Единственной тенью, которая омрачила этот волшебный вечер, оказалась странная выходка малыша Эктора. Когда они столкнулись с Момо у входной двери, мальчишка прошипел сквозь зубы: «А тебя я не люблю!» Ладно, когда отношения с бабушкой сорванца будут налажены, придется с нею поговорить. Ребенок, этот ребенок – сын таких родителей, просто не может быть расистом! Тут должно быть что‑то совсем другое. Уж не догадался ли проказник, что его бабуля вот‑вот влюбится в Момо? А может, и паренек попросту ревнует? В любом случае – сегодня еще рано делать выводы.
Оставшись с мужем наедине, Ариана попросила Юго вынести свой вердикт по поводу претенденток на должность няни. Никаких иллюзий на этот счет у нее не было. Выбор между прелестницей, обвешанной медалями не хуже русского генерала, и анекдотической особой, некрасивой и неопытной, должен занять немного времени. И действительно – Юго тут же отозвался:
– Ясное дело, надо брать Гудрун. Если тебя интересует мое мнение, Инносанта слишком хороша собой, для того чтобы оказаться порядочной во всех смыслах. И я чувствую, что с ней хлопот не оберешься.
В эту минуту Ариана поняла, что, сам того не зная, муж добрался до другого берега раньше ее.
Ночь делала свое дело – диктовала свои законы. С часу до без четверти два Марсиаки любили друг друга с пылом, какого не знали давно. Ариана без всяких обид – на себя ли, на него – подумала, что муж‑то все норовит потрепыхаться под ней. Но ведь И ей самой в последнее время вовсе не противно быть сверху: сидя верхом, она испытывает какое‑то пьянящее чувство полного обладания им. Потом она мгновенно уснула, словно провалилась в сон на правой стороне кровати – той, которую муж в начале их совместной жизни вытребовал себе. А Юго спустился вниз покурить. Назавтра оба проснулись очень рано и отправились каждый в свою контору. И каждого осенила гениальная идея. Во всяком случае, они в это верили.

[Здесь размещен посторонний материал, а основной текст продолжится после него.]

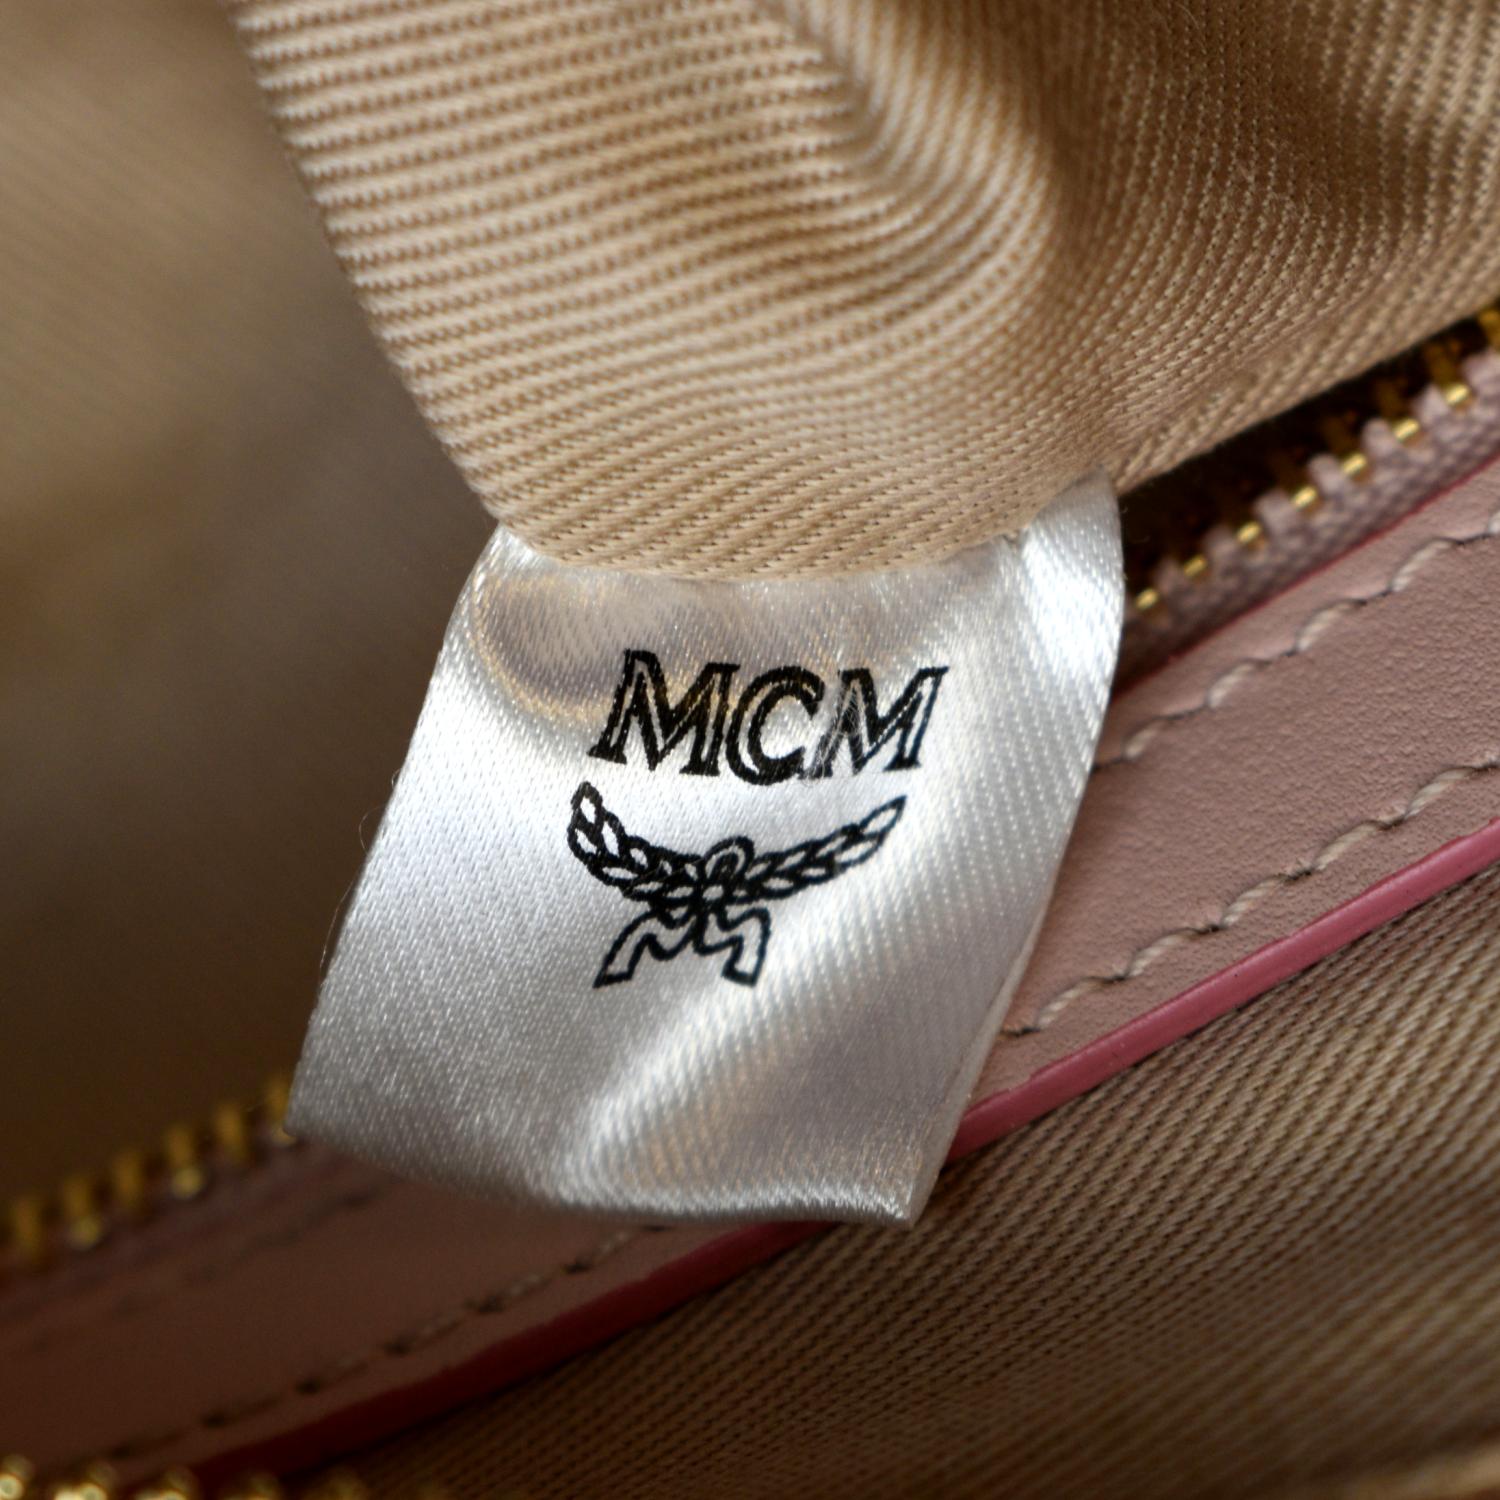 MCM Name Tag Crossbody Bags for Women

Юго совершенно не тревожил кашель, сотрясавший маленькую розовую машину. В ожидании, пока она тронется с места, он включил радио. Непонятно, почему Ариана так зациклилась на этой волне, достаточно ведь нажать на одну‑единственную кнопочку, чтобы выбрать любую другую… Вот, например, сейчас он остановился на Cherie FM – это же прелесть что такое! О! «Joue pas»! В восторге от находки Юго стал, раскачиваясь, подпевать: «… не играй, не играй со мной…» При слове «мной» он, вспомнив клип с первым исполнением этой песни, упер большие пальцы в грудь. В последнее время его особенно радовали старые мелодии – 80‑х годов. Ах, «Риччи и Повери»! «Sara perche ti ато» – это же гениальная музыка! А душка Даниель Балавуан! «Mon fils, та bataille» – ну назовите мне, назовите более волнующую песню! Только подумать, ведь все эти годы он даже и не догадывался, до чего талантлив Жан‑Жак Гольдман![39]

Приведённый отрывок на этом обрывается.